Your instructions> Go to the line holding "XINFU Chef's Short" in the data below and repeat it exactly, then each line after it up to and including the one holding "Handmade Custom Guest". Omit pictures.

Data for the task>
_ _ _ _ _

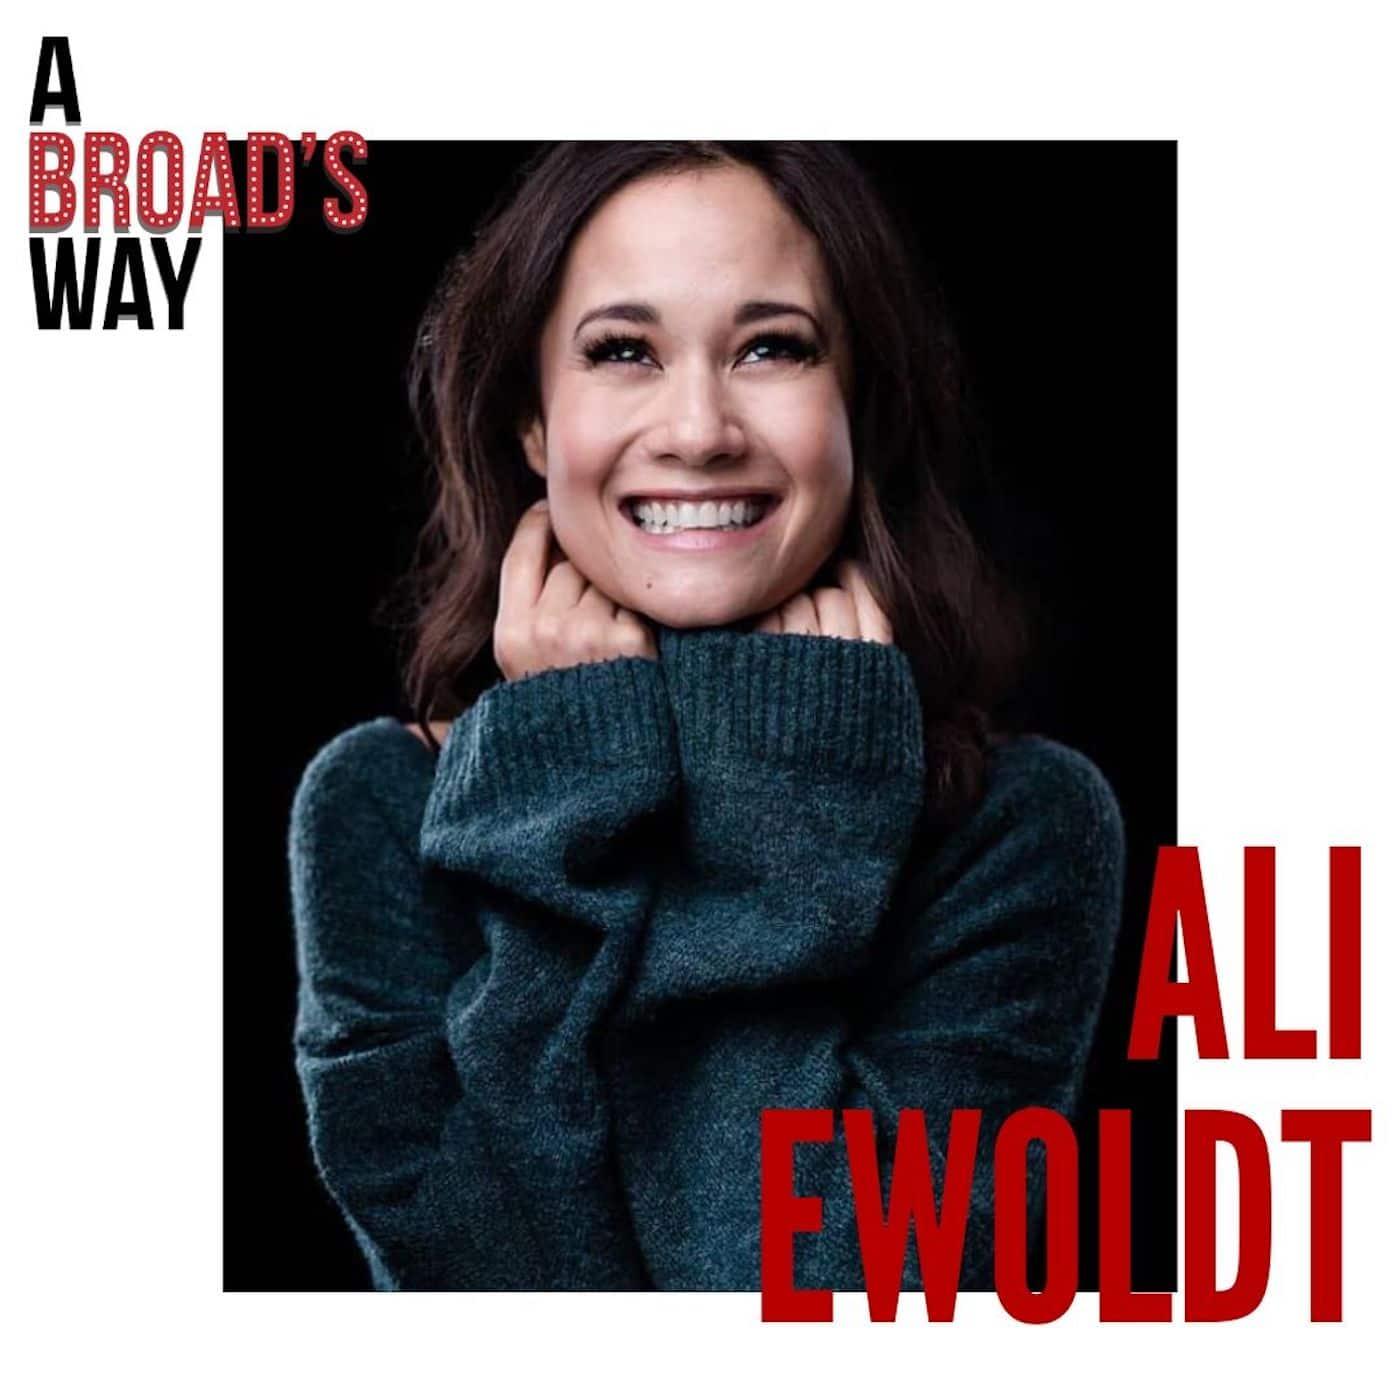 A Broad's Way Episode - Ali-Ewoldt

_ _ _ _ _

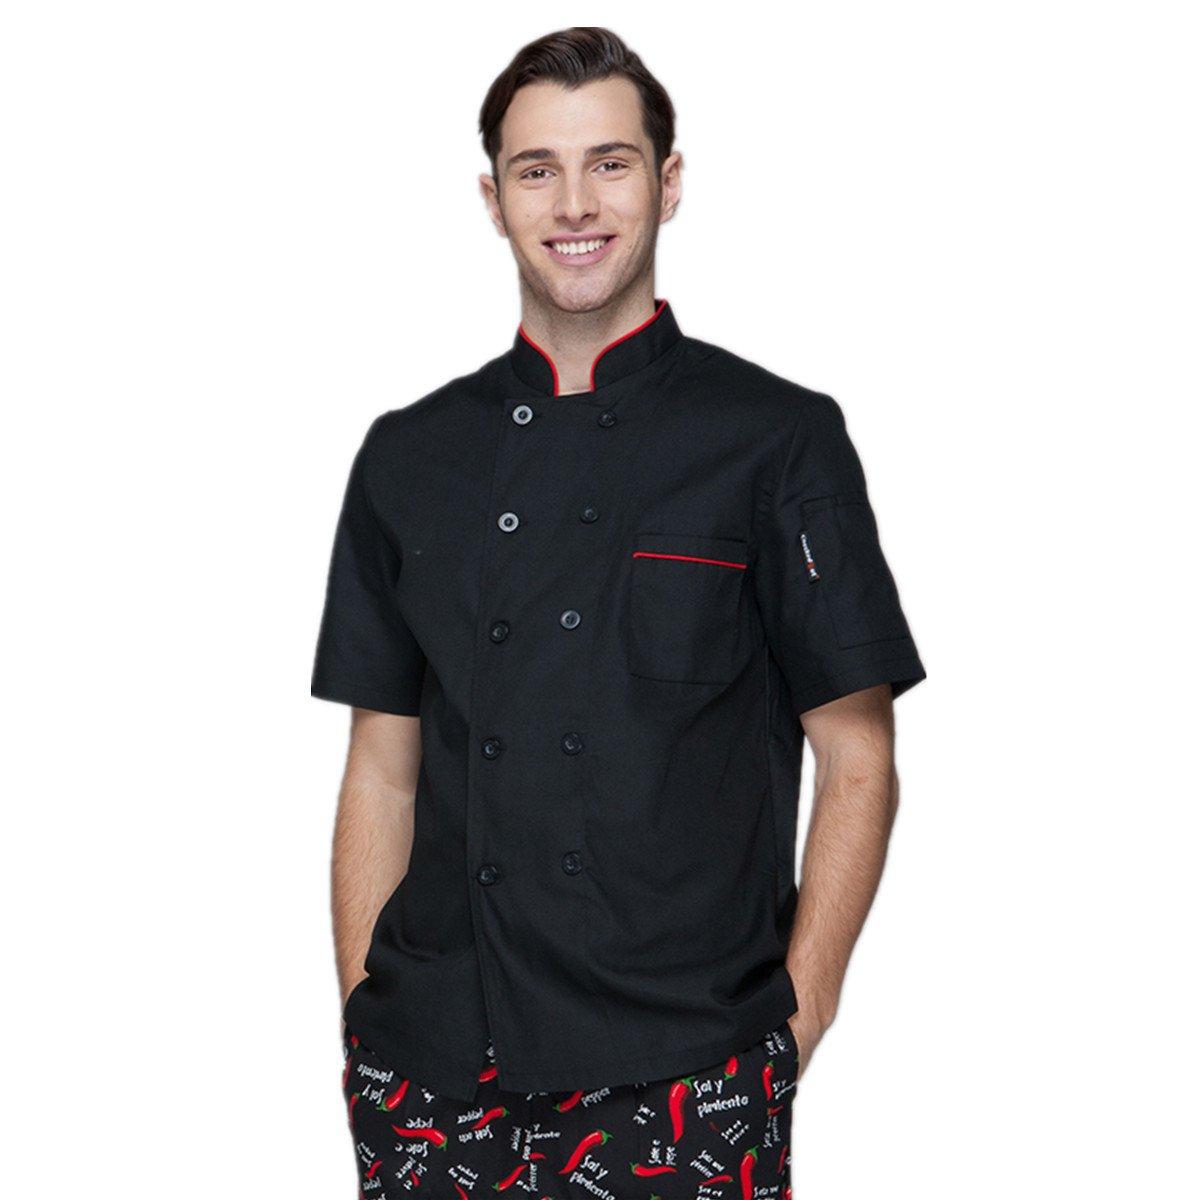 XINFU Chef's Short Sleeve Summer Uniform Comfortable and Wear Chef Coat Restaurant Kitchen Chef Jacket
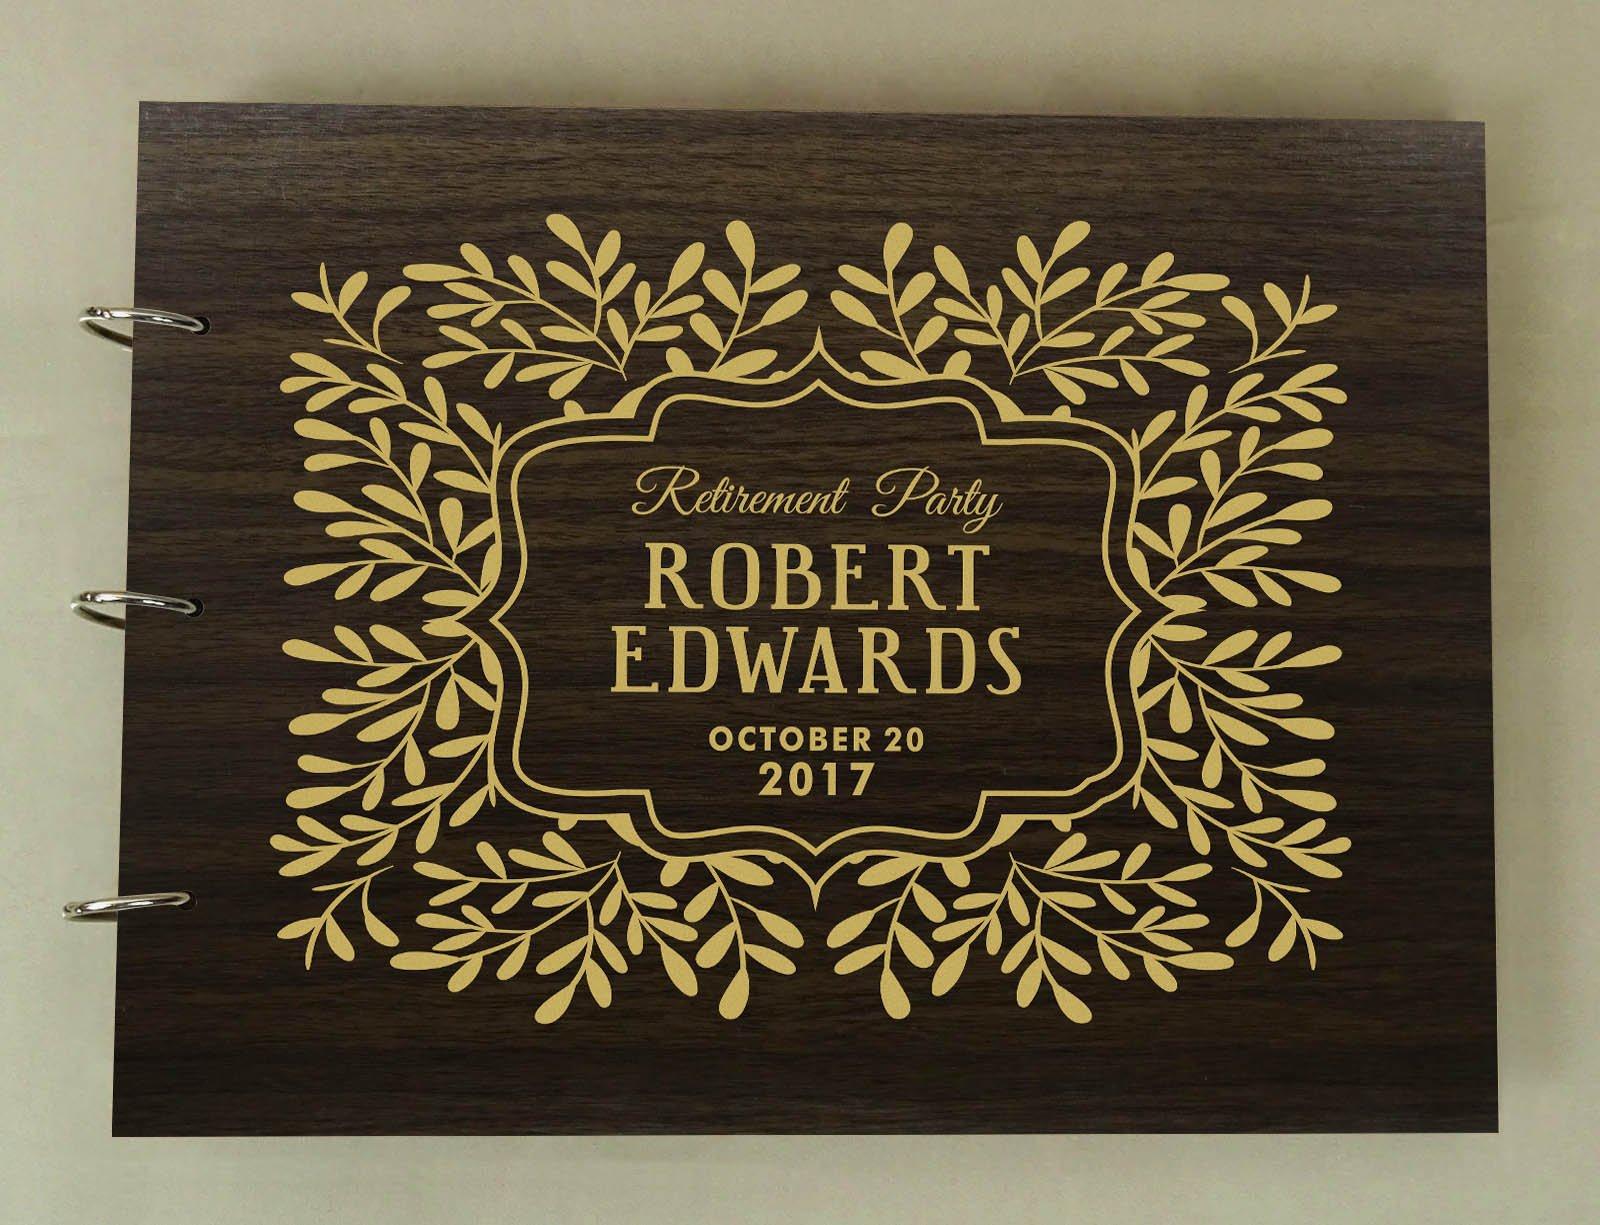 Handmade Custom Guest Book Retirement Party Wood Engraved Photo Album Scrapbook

_ _ _ _ _

Output of the task>
 XINFU Chef's Short Sleeve Summer Uniform Comfortable and Wear Chef Coat Restaurant Kitchen Chef Jacket
 Handmade Custom Guest Book Retirement Party Wood Engraved Photo Album Scrapbook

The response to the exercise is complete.